- **WHAT THE TASK ASKS**
Repeat the data in full and exactly. Leave the pictures out.
PROVIDED DATA below:
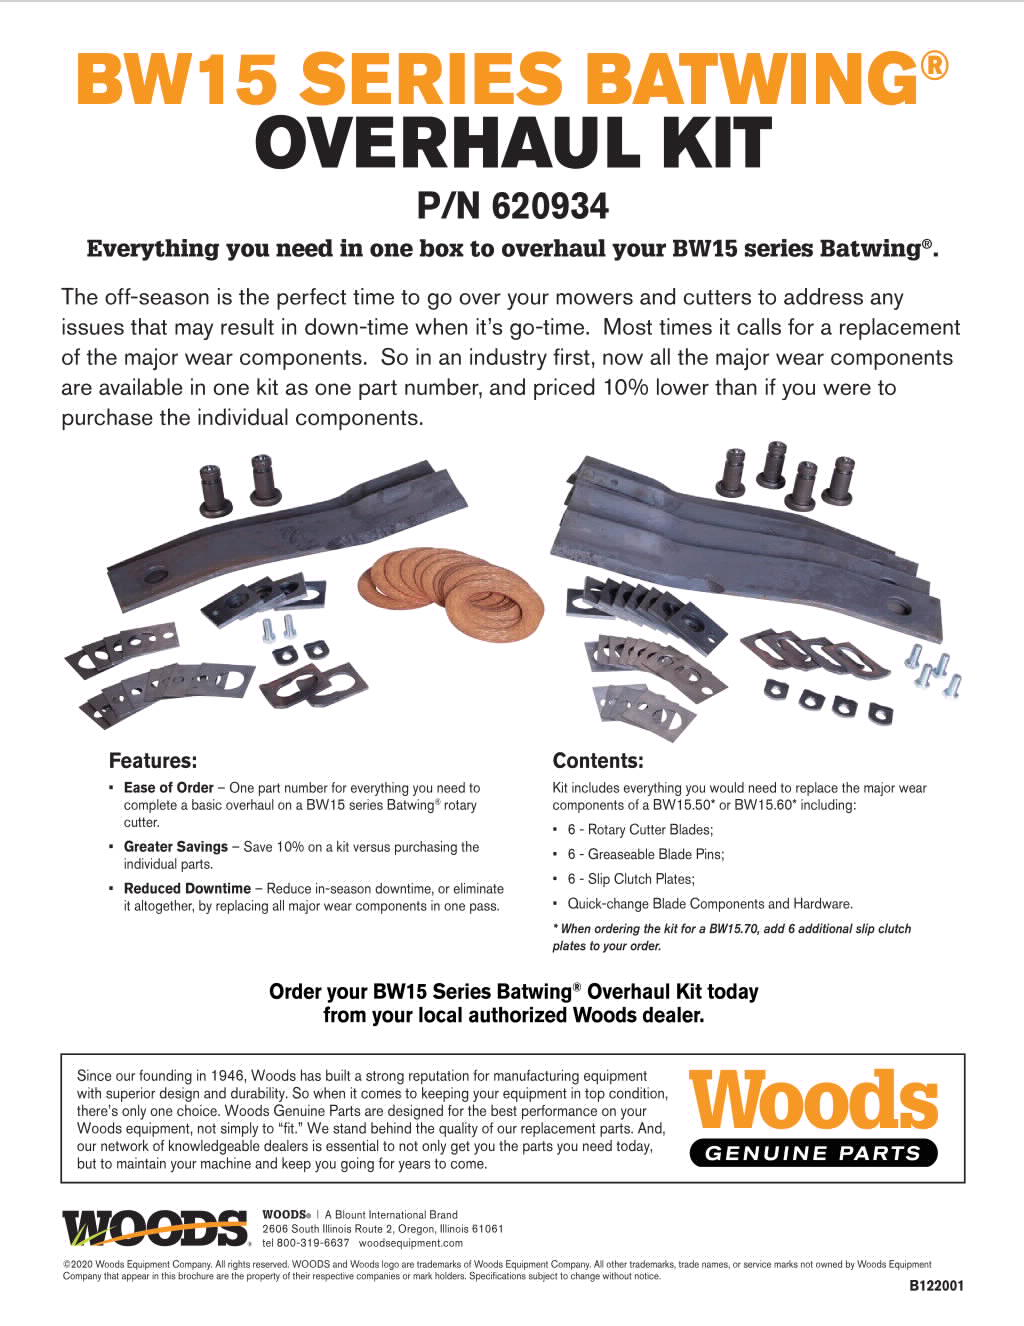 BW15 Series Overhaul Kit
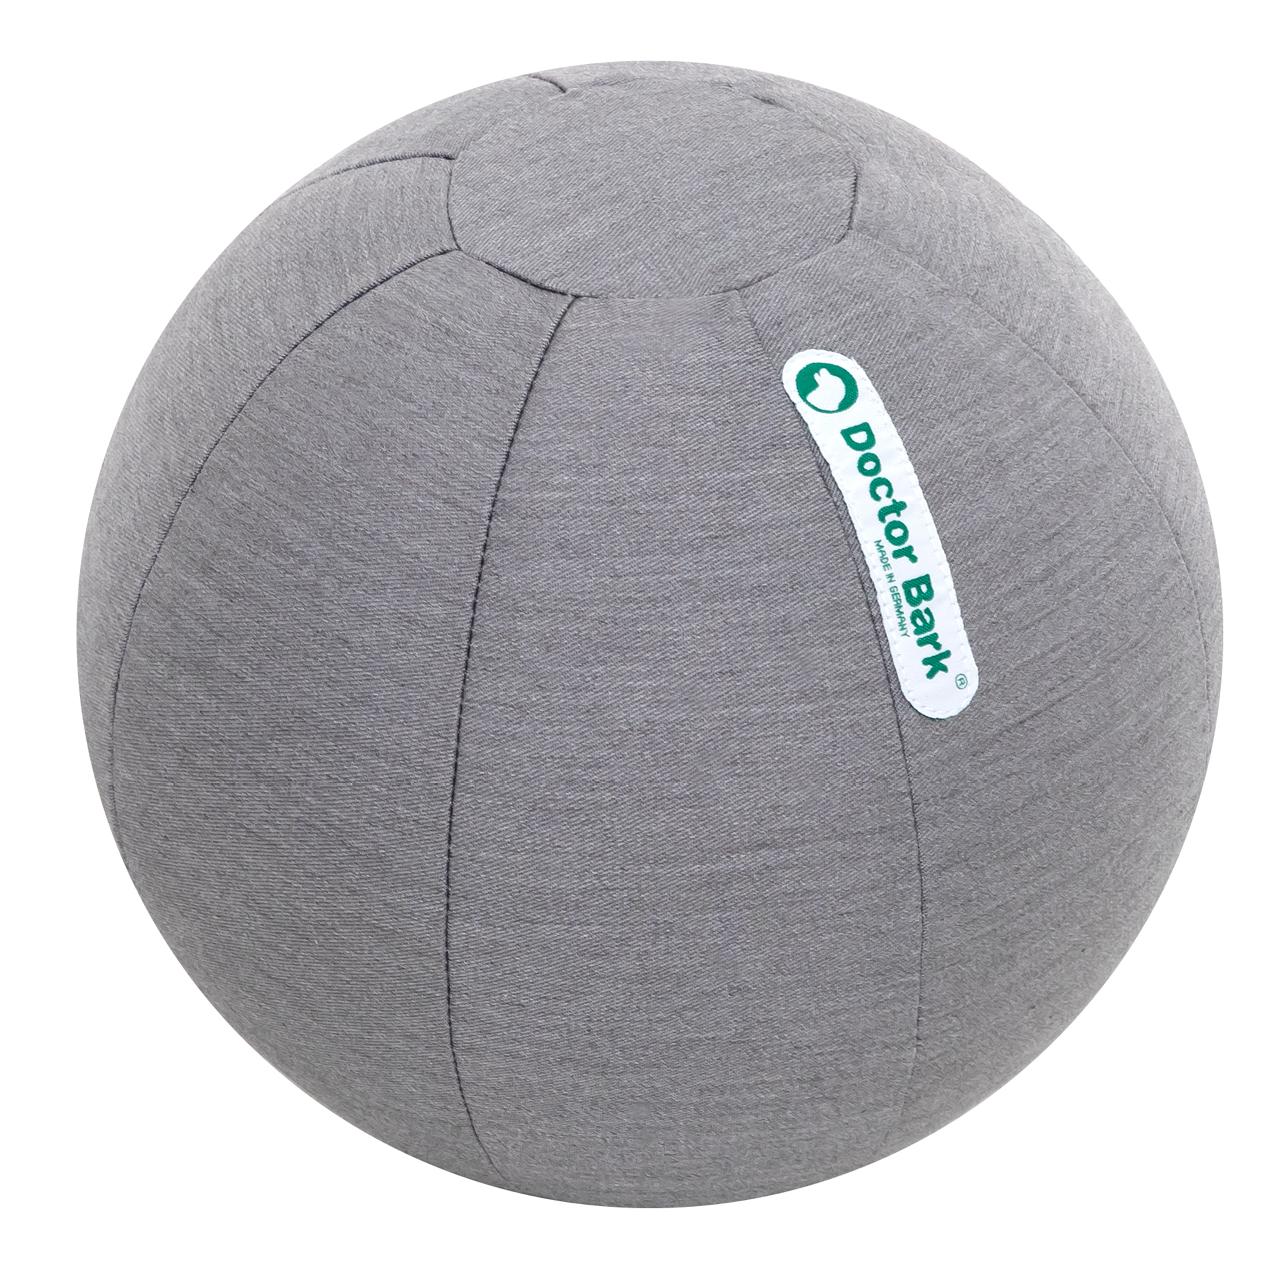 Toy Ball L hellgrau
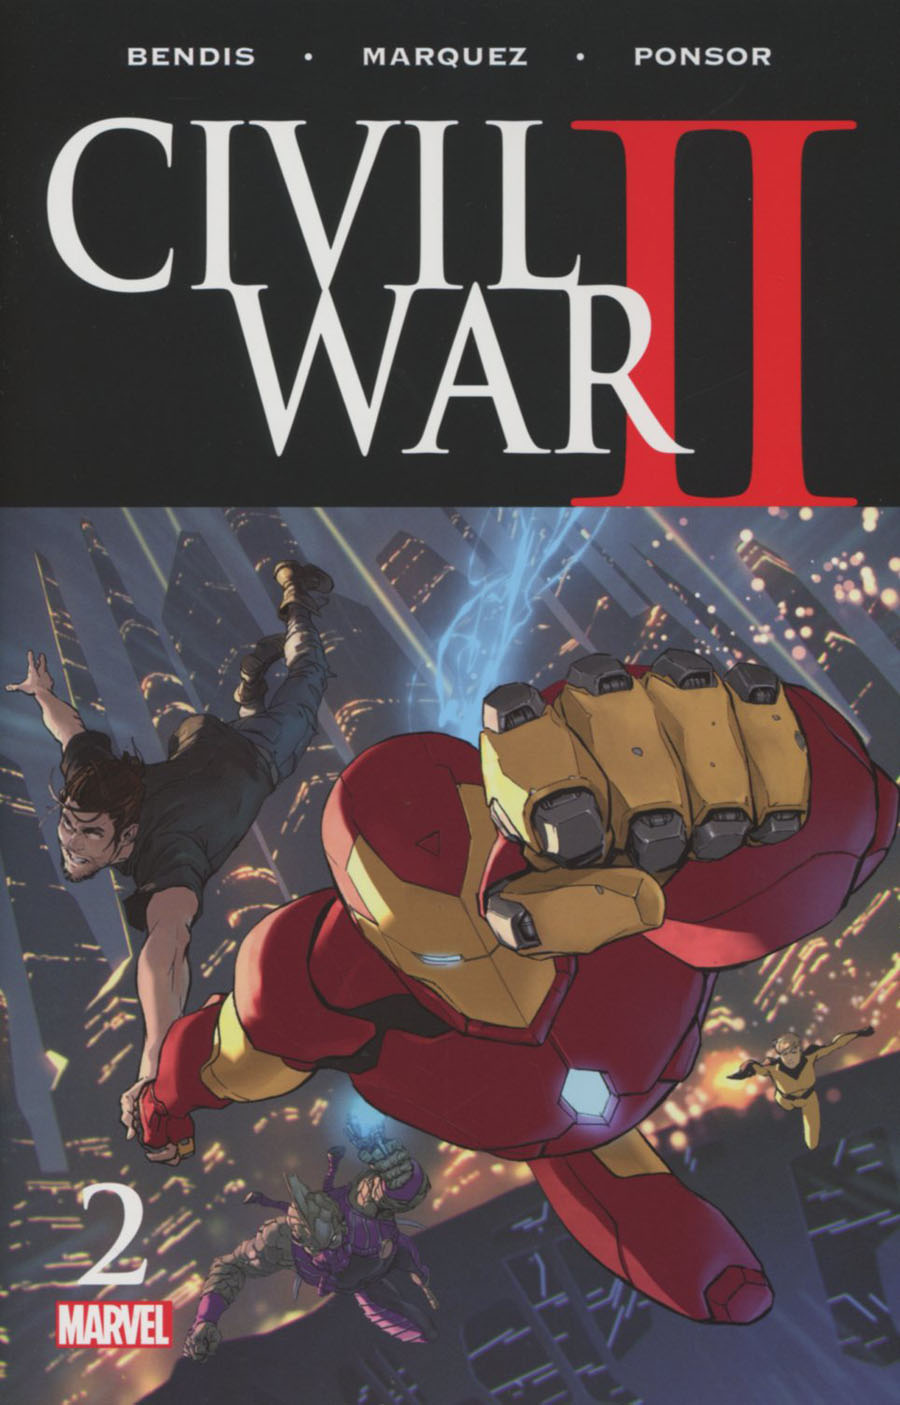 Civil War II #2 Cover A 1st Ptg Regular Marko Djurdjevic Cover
End of PROVIDED DATA.
- **SOLUTION TO THIS PROBLEM**
 BW15 Series Overhaul Kit
 Toy Ball L hellgrau
 Civil War II #2 Cover A 1st Ptg Regular Marko Djurdjevic Cover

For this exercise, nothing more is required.